Waldman vividly describes a downtown Manhattan neighbourhood that was a ferment of both radical art and radical politics: “You could wake up in the morning and see WH Auden jogging a little further down the block.” Hujar wasn’t a political animal – though he photographed an early poster for the Gay Liberation Front advertising New York’s first ever Pride march in 1970. But he was fully engaged in everything else the underground had to offer. His recreational activities ranged from avant-garde theatre to cruising the Chelsea piers for anonymous sex. He once told Lebowitz that he had probably had sex with 6,000 men, but that he hadn’t much enjoyed it, explaining: “It was just my way of getting close to people.” Hujar once smuggled Lebowitz into a gay S&M club so hardcore that she could only stand it for half an hour. “It was too brutal. I remember saying to Peter, ‘If everyone else knew what was going on down here, they would send in the national guard.’”

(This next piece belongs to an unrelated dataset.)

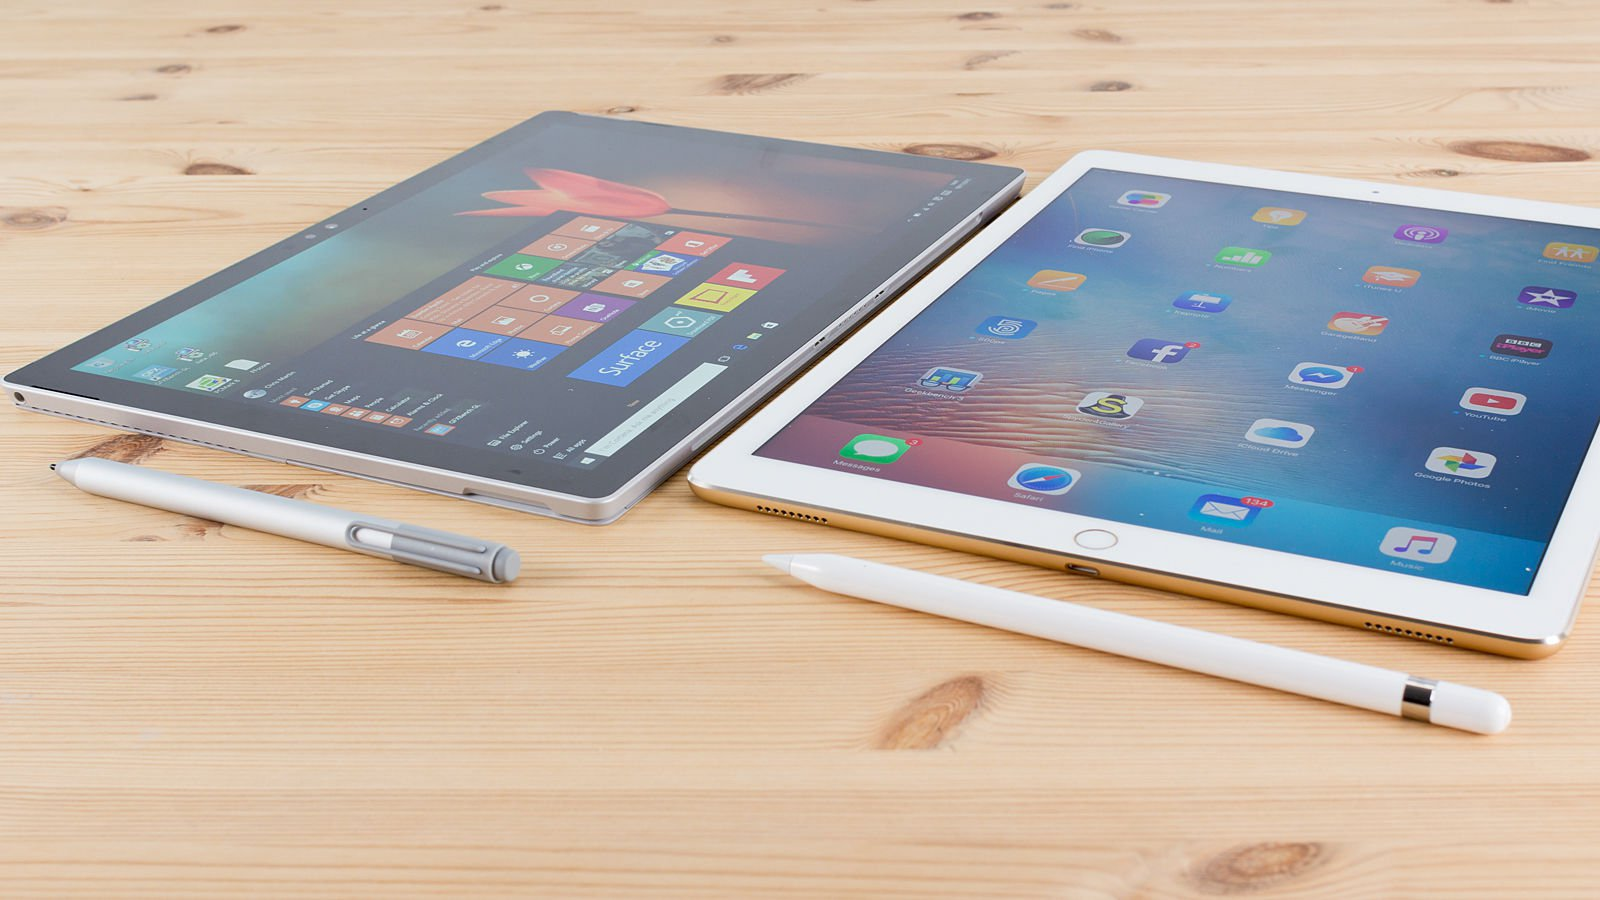 Surface vs. iPad

Portraits in Life and Death was never intended to encapsulate an artistic era – the subjects were just people Hujar knew and was drawn to. Yet it captured a huge family of poets, composers, artists and drag queens engaging in creativity for its own sake rather than due to any commercial imperative, another reason why the book has such a charge. It is also one of many great works that underline the destruction wreaked by the Aids crisis. After Hujar was diagnosed on 1 January 1987, he never took another picture. When he died, on Thanksgiving Day later that year, his friend the artist David Wojnarowicz (who would himself die of Aids in 1993) took some shattering photographs of Hujar’s withered body in a hospital bed. It’s hard not to think of them when you see the skeletons in Portraits in Life and Death.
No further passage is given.